Постепенно он стал думать больше о рапсодии, чем о сыновьях и жене. Старик думал, что Лист вернет ему семью. Он стал искать пластинку. Он возобновил старые, заводил новые знакомства. Кряхтя, он склонялся над «развалами» старьевщиков и рыночных торговок. Он искал мучительно долго – может быть, тысячу дней. Так город узнал о существовании Листа и его рапсодии. Как-то в сырой и ветреный осенний день он нашел пластинку. Он задыхался от счастья. За пластинку просили кило сахару. Это было сумасшедшей ценой, но продавца предупредили, что и покупатель – сумасшедший. Старик волновался. Он предлагал кирпичный чай, копию Рубенса, сапоги. Сахару в городе не было. Старик боялся потерять рапсодию. Он умолял хозяина пойти в квартиру и выбрать вещь в обмен. Продавец отказался. Старик умолил подождать – он побежал домой, попросить сахар у соседей. Продавец согласился. Старик заковылял к дому. Горячий и потный, через два часа он вернулся на рынок. Сахару он не достал. Хозяин пластинки исчез. Старик сел на камень и заплакал. Его отвел домой учитель математики единой трудовой школы. На рынок он больше не выходил. Через два дня учитель математики нашел его в бреду – старик простудился. Он бредил рапсодией. В углу комнаты стоял старинный граммофон, окруженный горой разломанных пластинок. Учитель побежал за доктором. Пришел веселый доктор, тот, у которого разбежались сумасшедшие. Он приехал год назад в город врачом в психиатрическую больницу, но пьяный сторож разогнал всех сумасшедших, и некому было их собирать. Они исчезли. Доктор стал терапевтом. Тогда венерологи лечили испанку, аптекари делали трепанацию черепов. Доктор поставил термометр и покачал головой:
– Поправимся, папаша, – бойко сказал он. – Аспиринчик…

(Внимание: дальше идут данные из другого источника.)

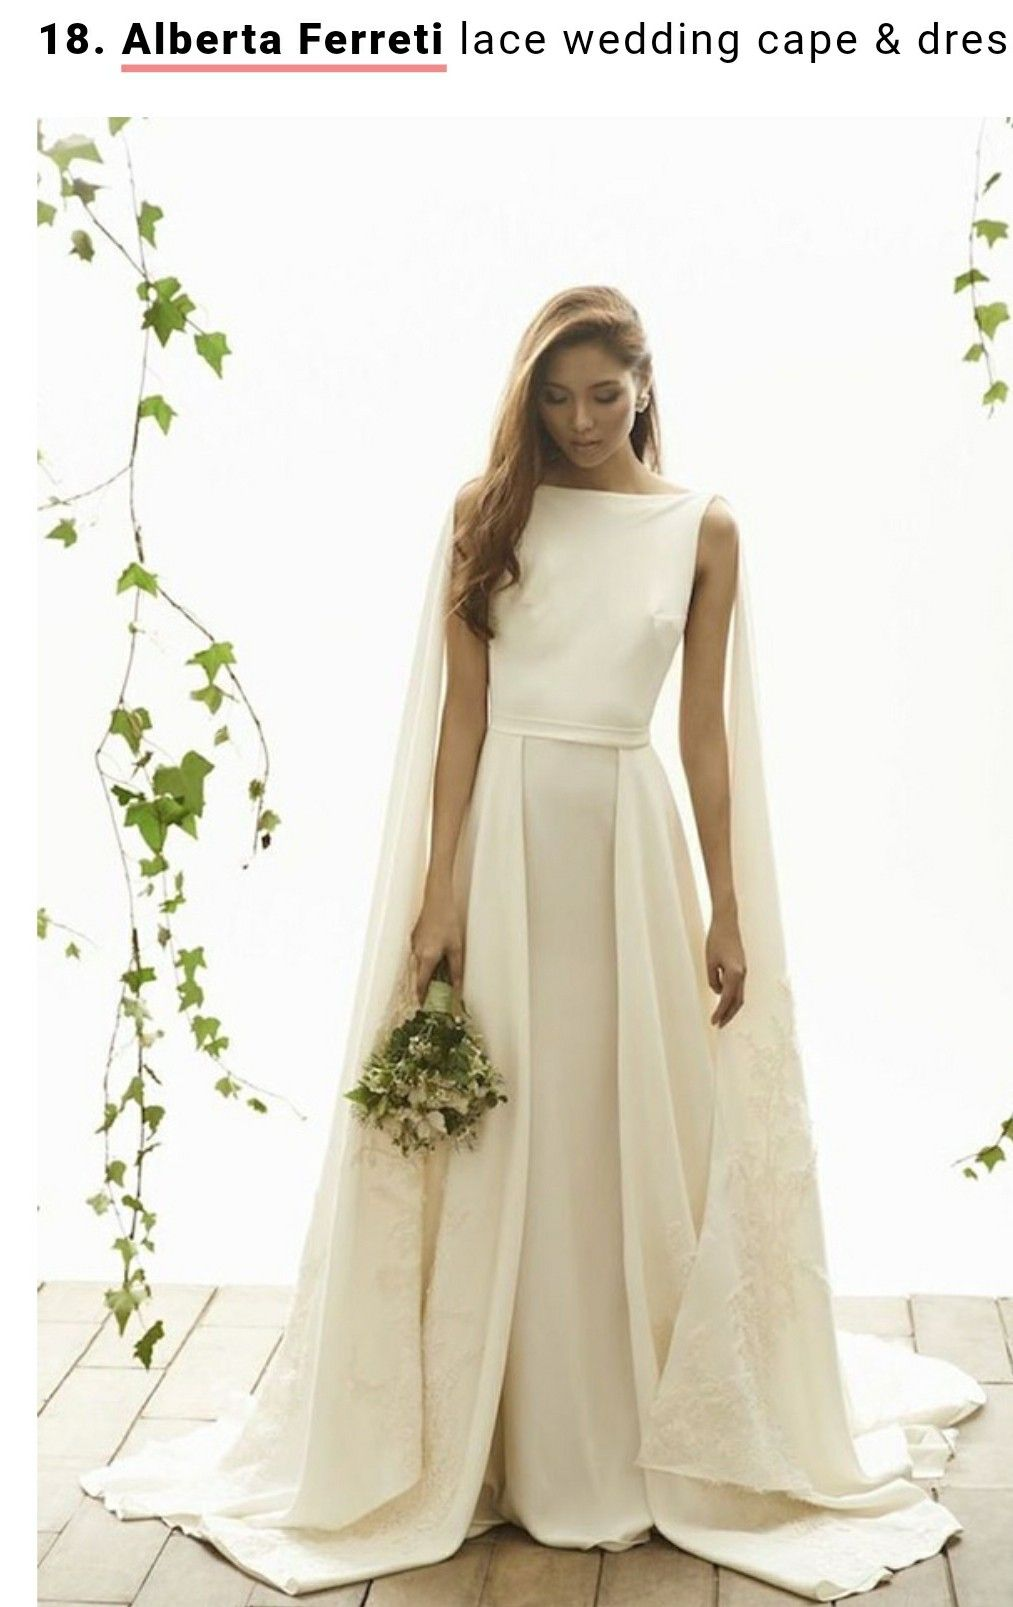 Pin by sara matthiasdottir on bb fun pinterest wedding dress

– Рапсодию, – прохрипел старик.
– Что?..
Математик рассказал историю старика. Доктор с интересом поглядел на больного. Вздутый живот старика трепетал.
– Лист… – выговорил старик плача, – Лист… – и он молитвенно сложил тяжелые синие руки. Судорога страдания бегала как молния по его лицу.
Доктор пришел утром. Безнадежные покрасневшие глаза учителя математики робко смотрели на него. Доктор держался как фокусник. Он вытащил из рукава термометр. Он пощупал пульс. Старик был в полном сознании и молчал.
– Папаша, – сказал доктор, отскакивая от кровати и торжествуя, – Вторая рапсодия Листа, – и вынул из-за спины черный круг.
Грузное дыхание старика прервалось. Он широко раскрыл глаза. В мелких конвульсиях вздрагивало его тело. Доктор завертел ручку граммофона и бережно вытер пыль суконного круга. Он поставил пластинку и толкнул рычажок. Игла зашипела и такты вальса «На сопках Манчжурии» вскинули учителя математики с кресла. Он бросился к граммофону, но доктор загородил ему дорогу. Учитель вцепился в плечи доктора.
– Что вы, – в горле учителя булькало, и крупные капли пота выступили на его лбу.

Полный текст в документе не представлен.